To begin with, the artist is ceaselessly panting
under his creditors; his necessities beget his debts, and his debts
require of him his nights. After his labor, his pleasure. The comedian
plays till midnight, studies in the morning, rehearses at noon; the
sculptor is bent before his statue; the journalist is a marching
thought, like the soldier when at war; the painter who is the fashion
is crushed with work, the painter with no occupation, if he feels
himself to be a man of genius, gnaws his entrails. Competition,
rivalry, calumny assail talent. Some, in desperation, plunge into the
abyss of vice, others die young and unknown because they have
discounted their future too soon.

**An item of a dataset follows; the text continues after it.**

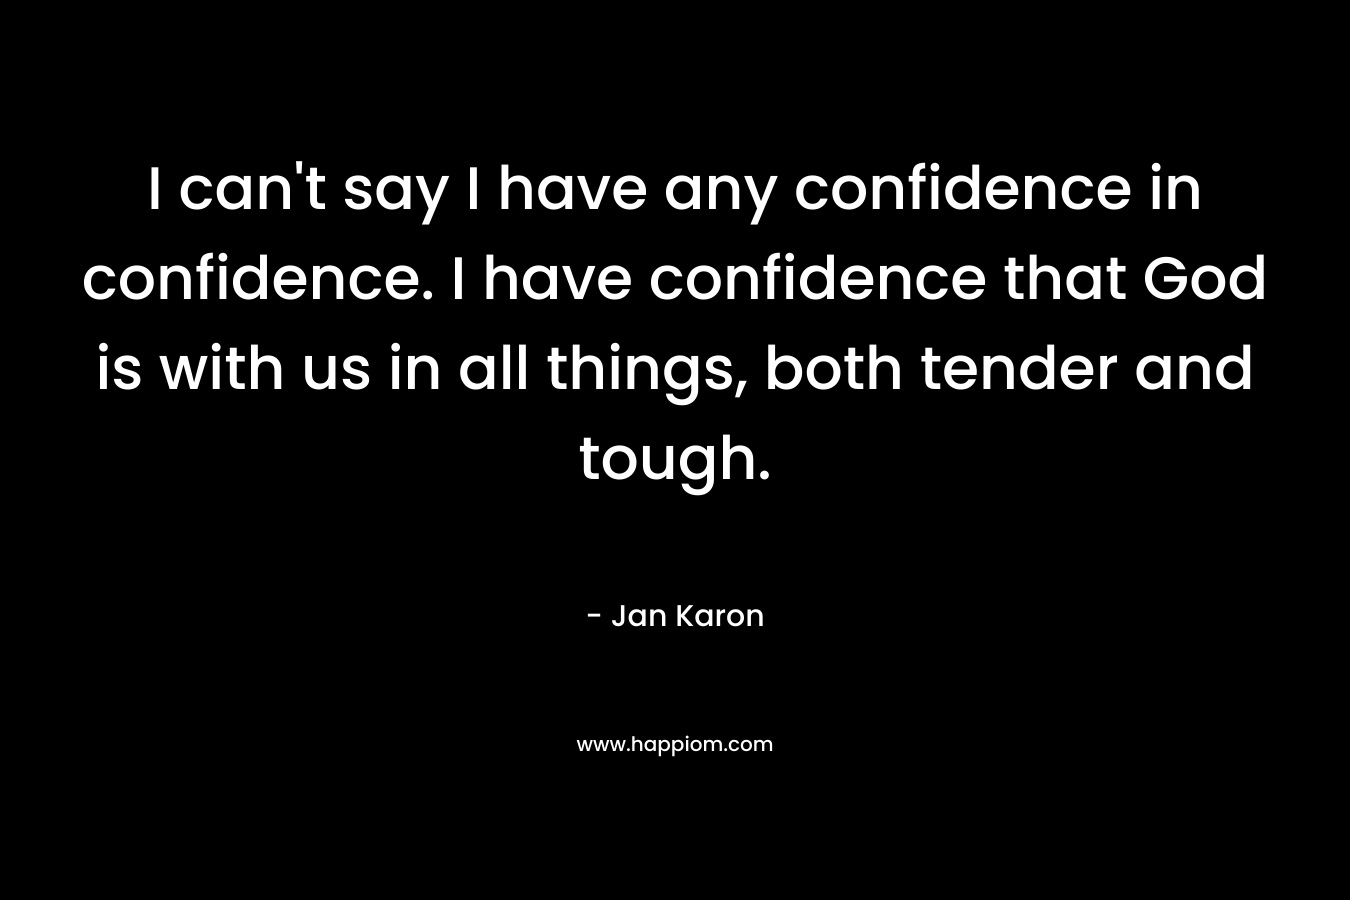 I can't say I have any confidence in confidence. I have confidence that God is with us in all things, both tender and tough.

Few of these figures, originally
sublime, remain beautiful. On the other hand, the flagrant beauty of
their heads is not understood. An artist's face is always exorbitant,
it is always above or below the conventional lines of what fools call
the _beau-ideal_. What power is it that destroys them? Passion. Every
passion in Paris resolves into two terms: gold and pleasure. Now, do
you not breathe again? Do you not feel air and space purified? Here is
neither labor nor suffering. The soaring arch of gold has reached the
summit. From the lowest gutters, where its stream commences, from the
little shops where it is stopped by puny coffer-dams, from the heart
of the counting-houses and great workshops, where its volume is that
of ingots--gold, in the shape of dowries and inheritances, guided by
the hands of young girls or the bony fingers of age, courses towards
the aristocracy, where it will become a blazing, expansive stream.